Yeah I'm upwards of 40 with my first pass. This is gonna suck. And there's a lot of faves on Hello Nasty that I forgot!

Peppermint Patty Hearst (VegemiteGrrl), Monday, 7 May 2012 19:10 (thirteen years ago)

One of my Hello Nasty faves, listening now makes me ;_;

https://www.youtube.com/watch?v=_rDklqPG5pU

Peppermint Patty Hearst (VegemiteGrrl), Monday, 7 May 2012 19:11 (thirteen years ago)

Beastie Groove needs some hardcore repping. I'd love to see it get some love

https://www.youtube.com/watch?v=_iGQoWyWDyg

Peppermint Patty Hearst (VegemiteGrrl), Monday, 7 May 2012 22:12 (thirteen years ago)

7 ballots in now, though clemenza knocked out the last remaining unanimous track. :P

Johnny Fever, Tuesday, 8 May 2012 05:00 (thirteen years ago)

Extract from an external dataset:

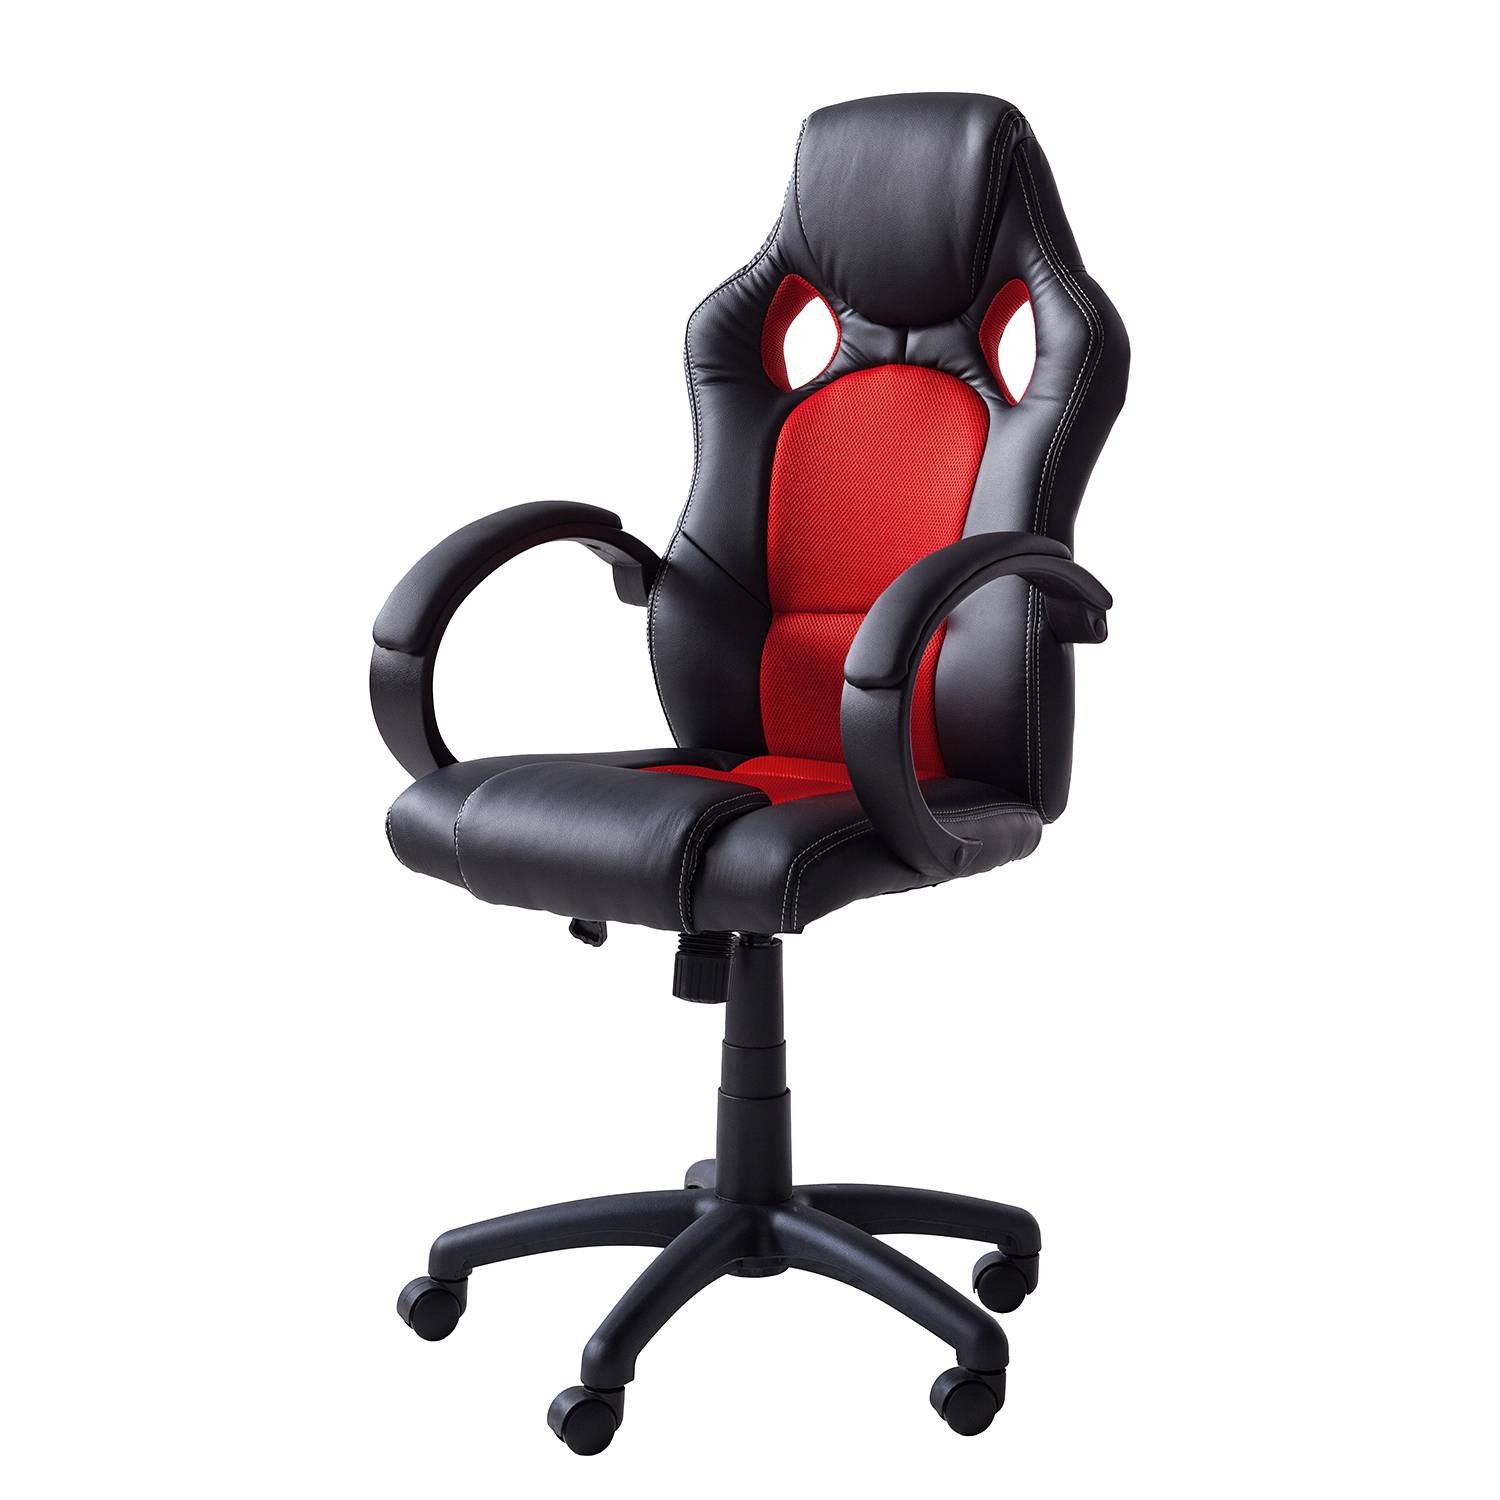 Creatice Scorpion Gaming Chair Amazon with Simple Decor
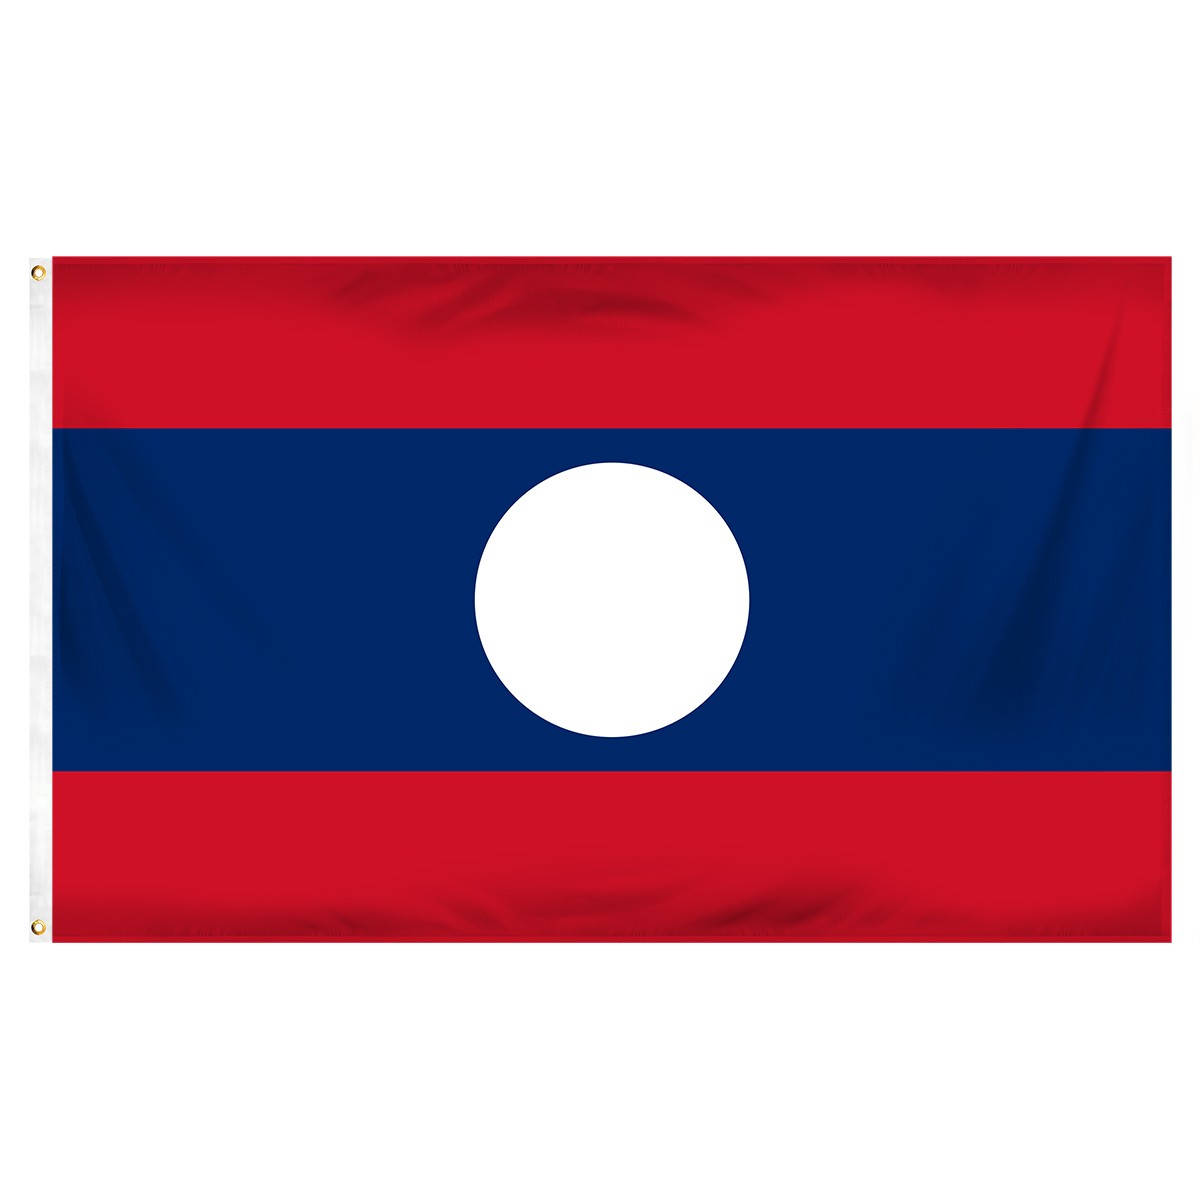 Laos Posters and Banners

psyched for this, but gonna take a little time touring before i submit

10. “Pour Some Sugar On Me” – Tom Cruise (contenderizer), Tuesday, 8 May 2012 05:23 (thirteen years ago)

done!

this one really hurt. still not 100% sure that I made all the right choices, but I didn't want to labor too long and turn it into a nightmare.
Lots of heartstrings + nostalgia working with this one, it was really hard to be super-objective.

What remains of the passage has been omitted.